** Problem to work on **
All lines from the one that contains "Открытка спасибо - собачка" through the close of the entries below are to be repeated exactly, without any pictures.

** Source data **
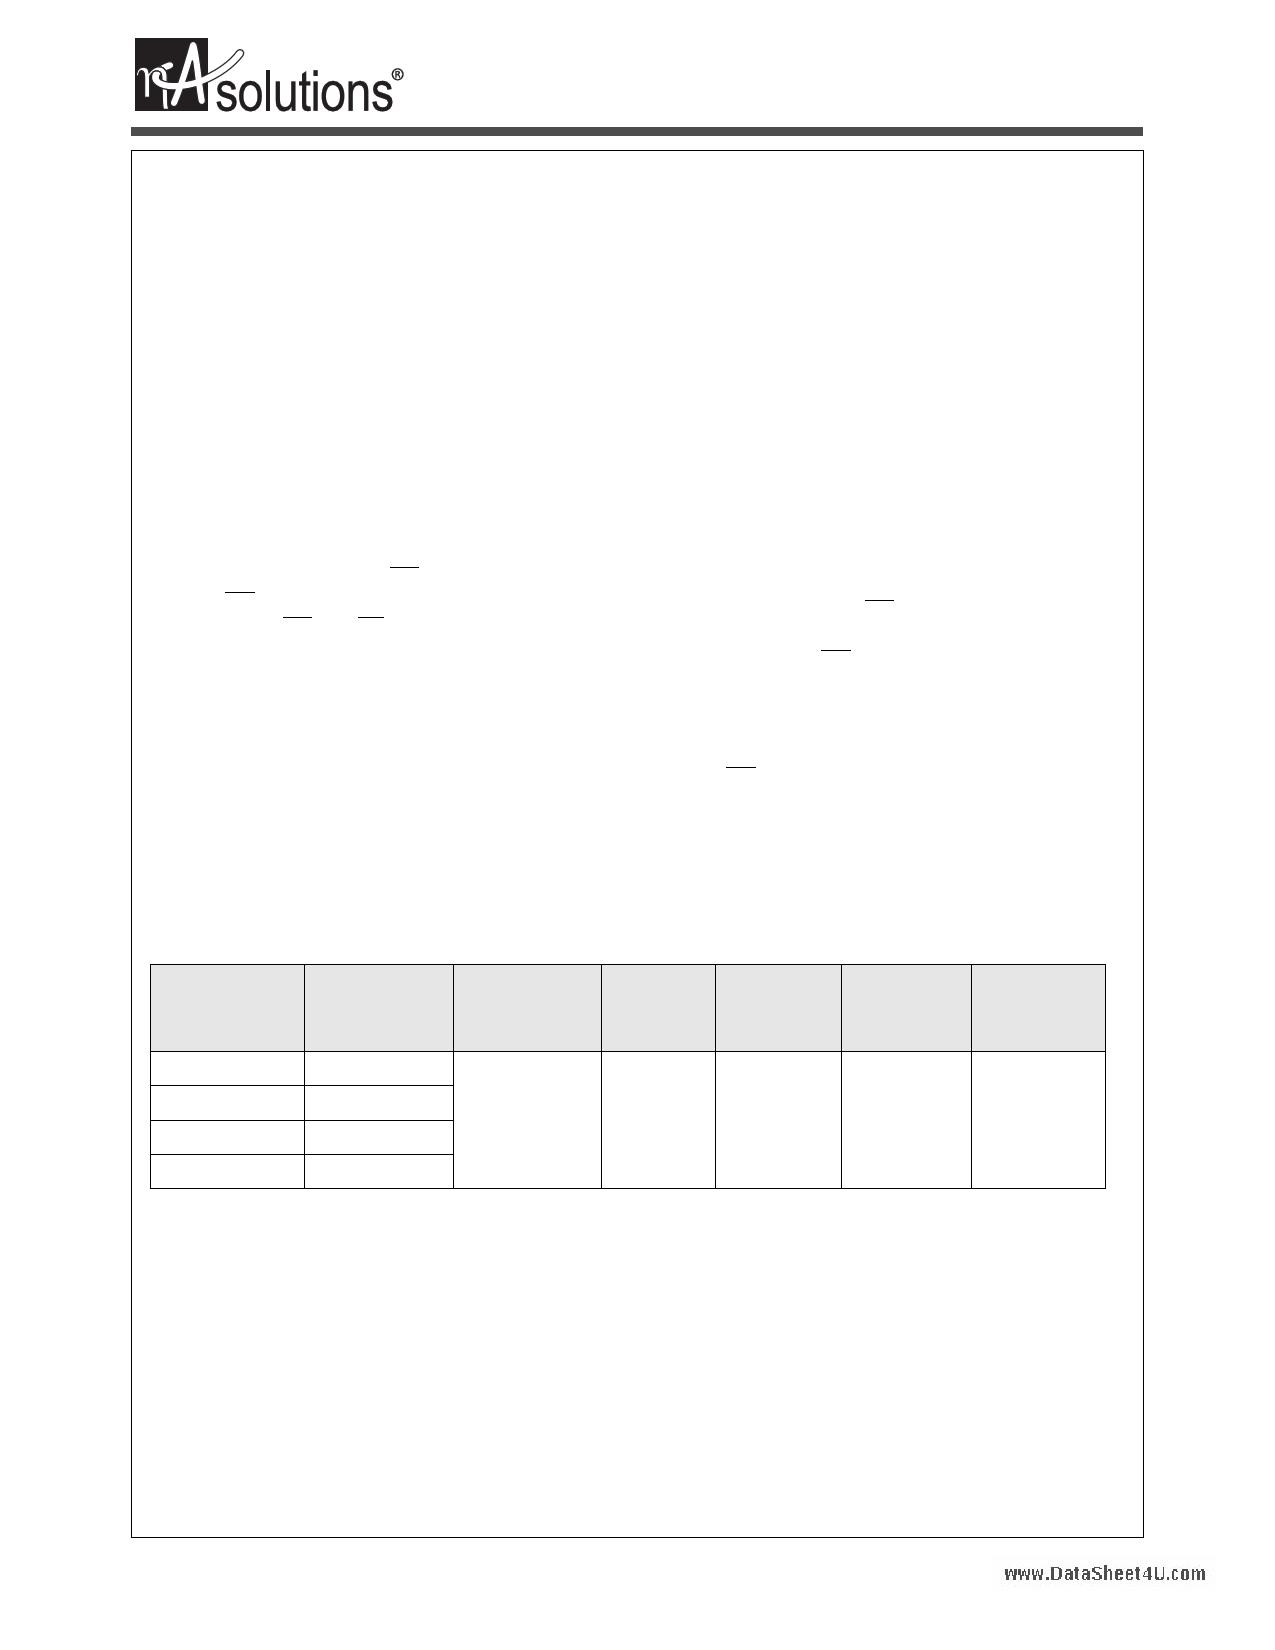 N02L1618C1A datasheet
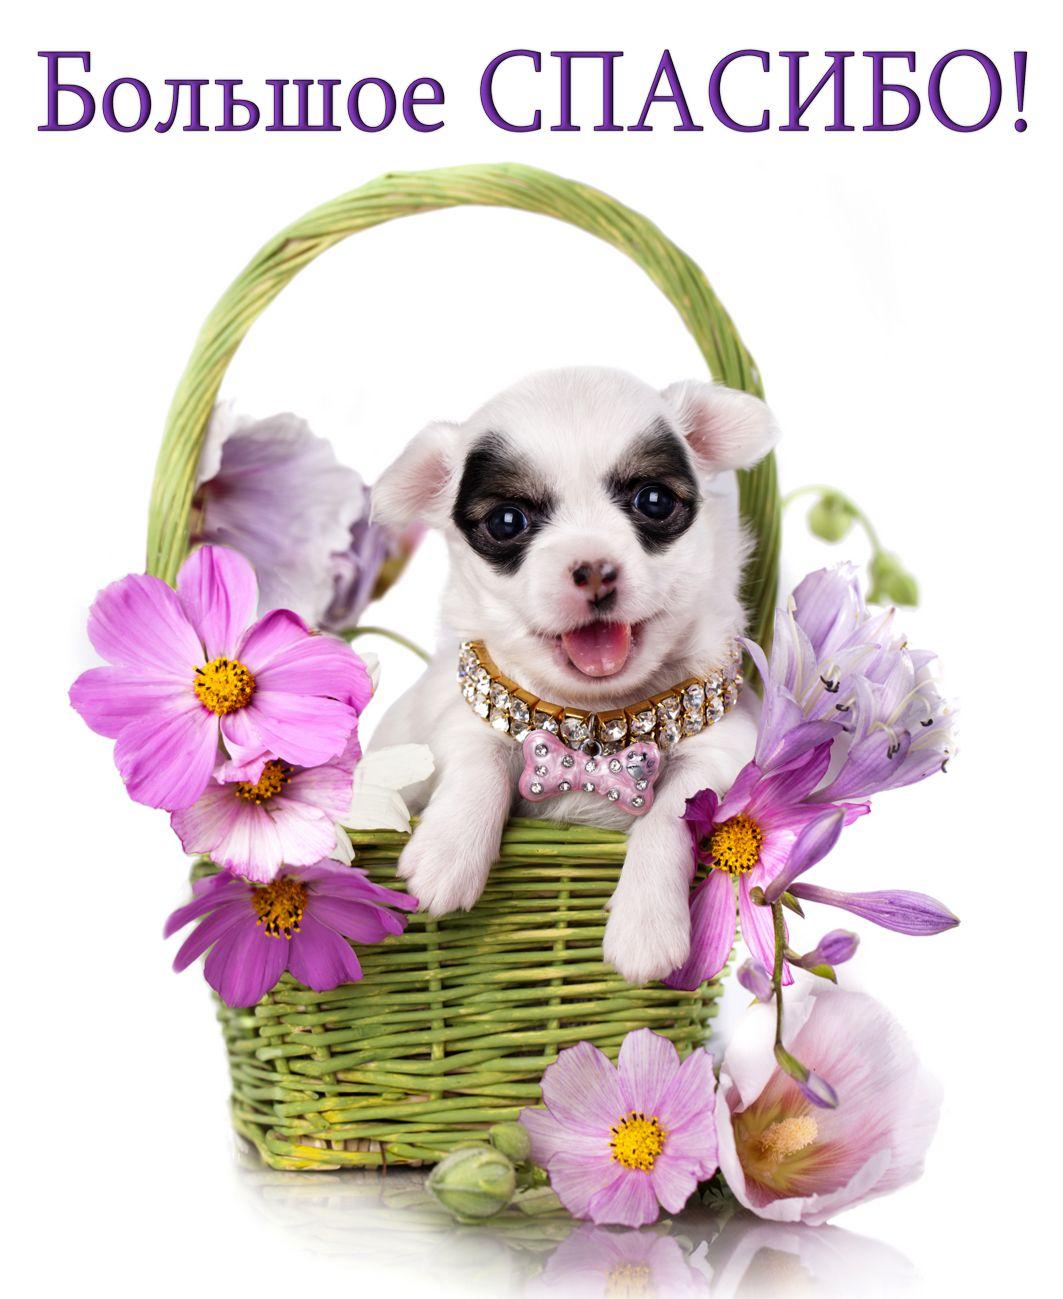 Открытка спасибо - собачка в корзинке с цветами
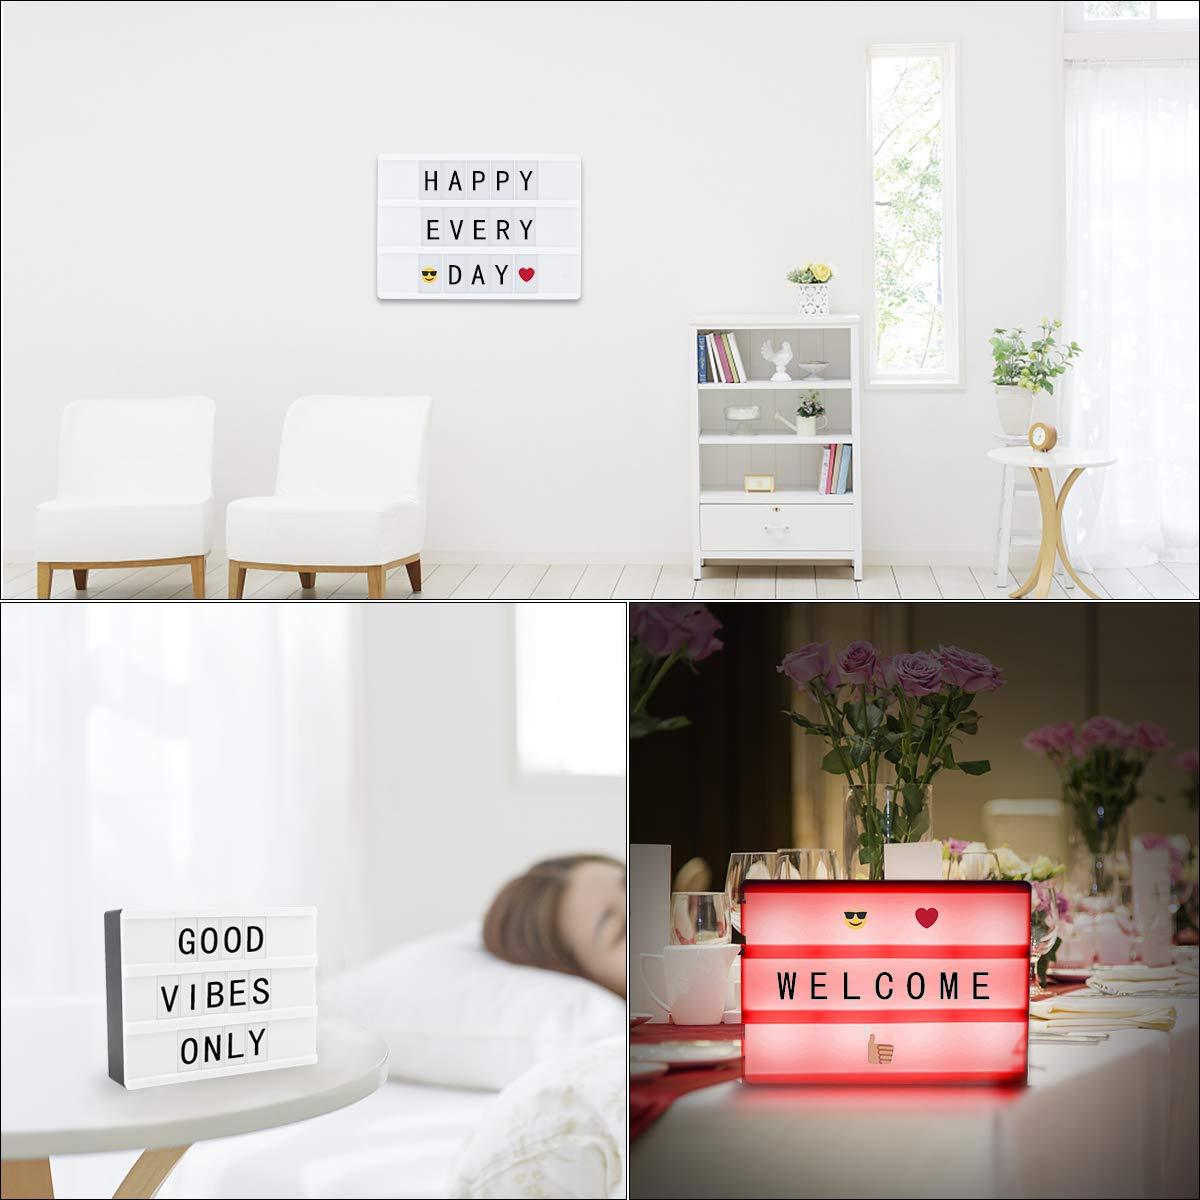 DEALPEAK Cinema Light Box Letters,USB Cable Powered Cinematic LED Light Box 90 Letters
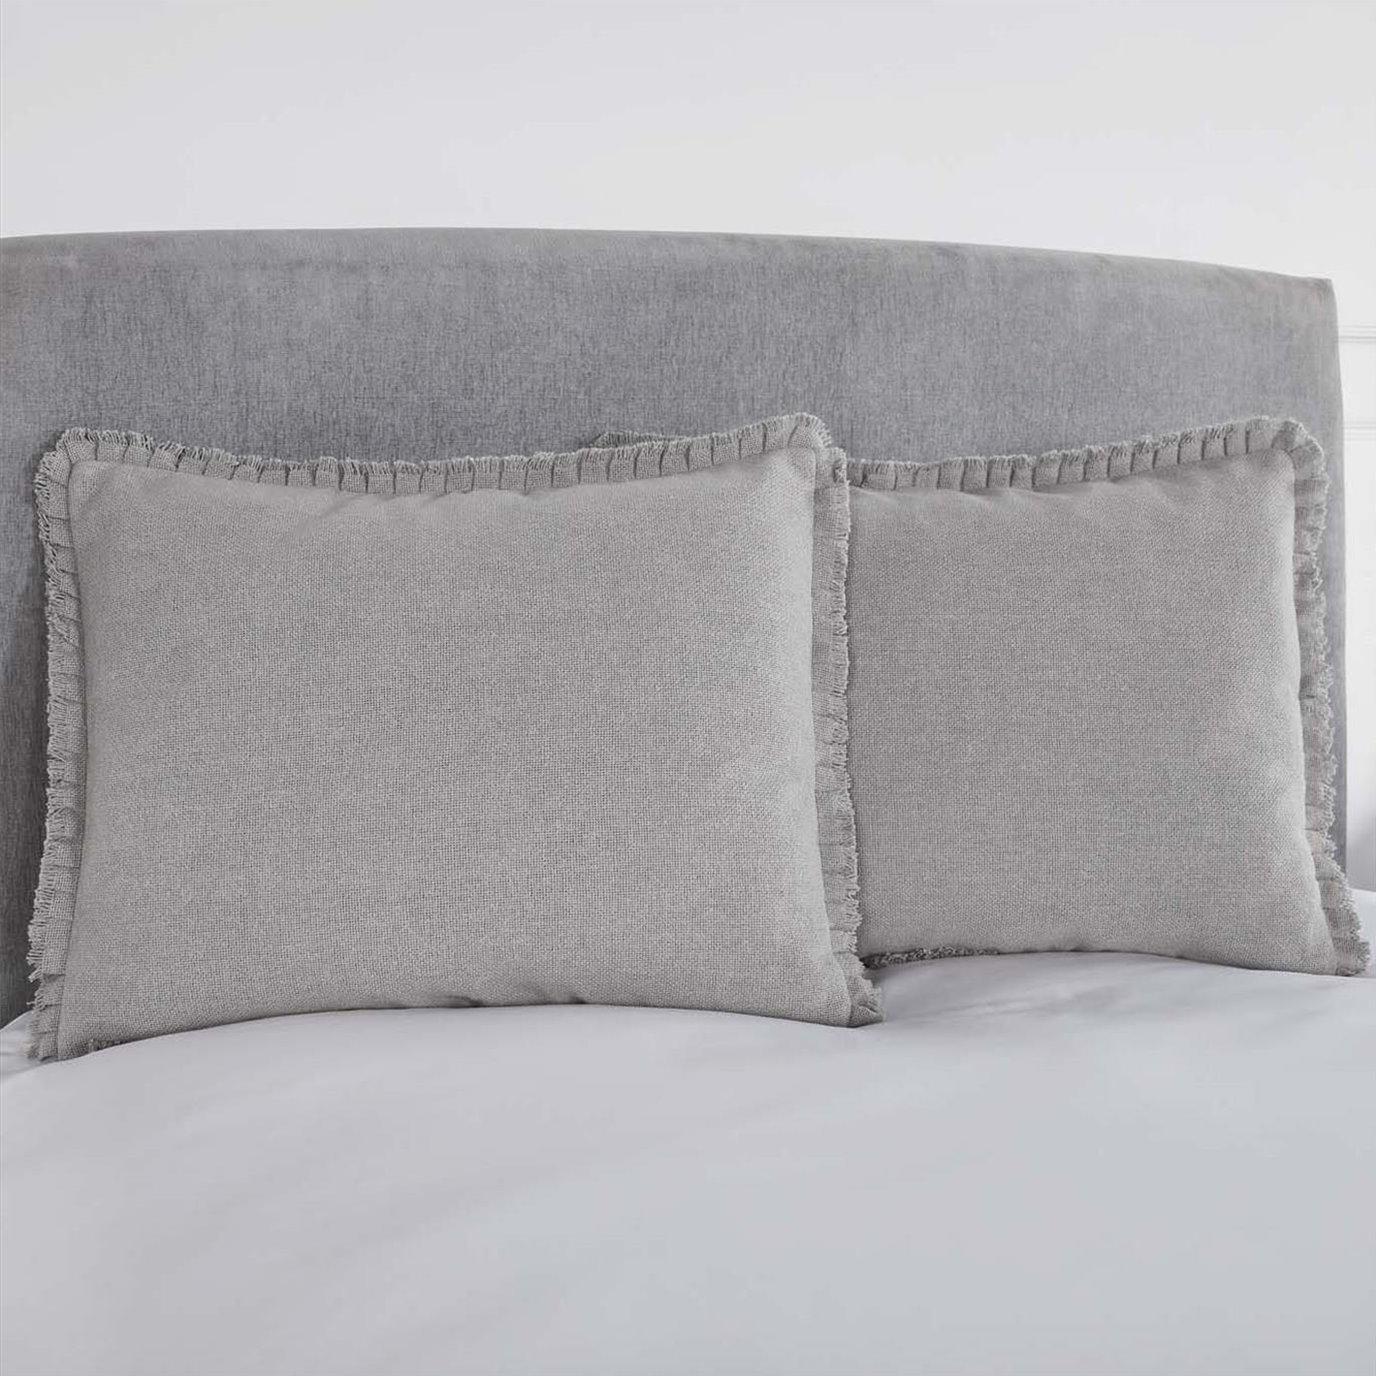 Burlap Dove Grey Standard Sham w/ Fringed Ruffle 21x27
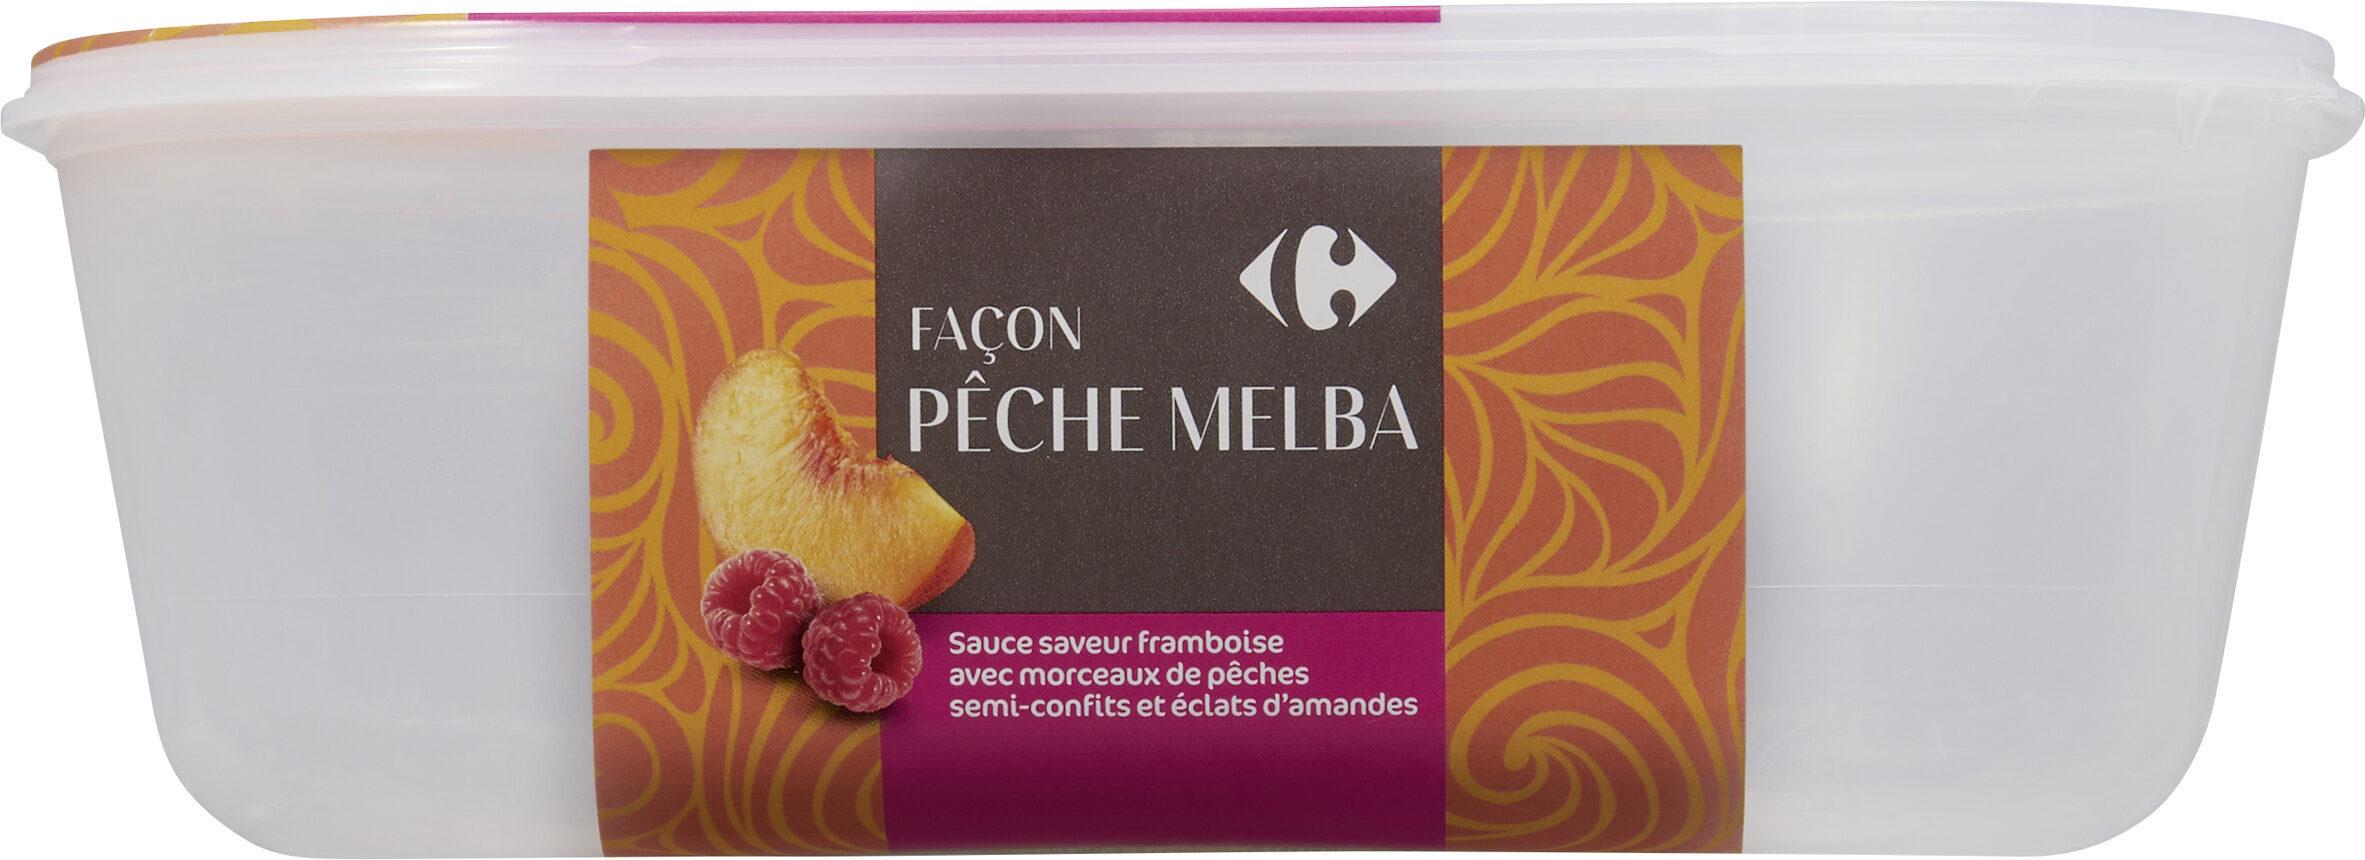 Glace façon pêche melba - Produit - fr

** Response to the task **
 Открытка спасибо - собачка в корзинке с цветами
 DEALPEAK Cinema Light Box Letters,USB Cable Powered Cinematic LED Light Box 90 Letters
 Burlap Dove Grey Standard Sham w/ Fringed Ruffle 21x27
 Glace façon pêche melba - Produit - fr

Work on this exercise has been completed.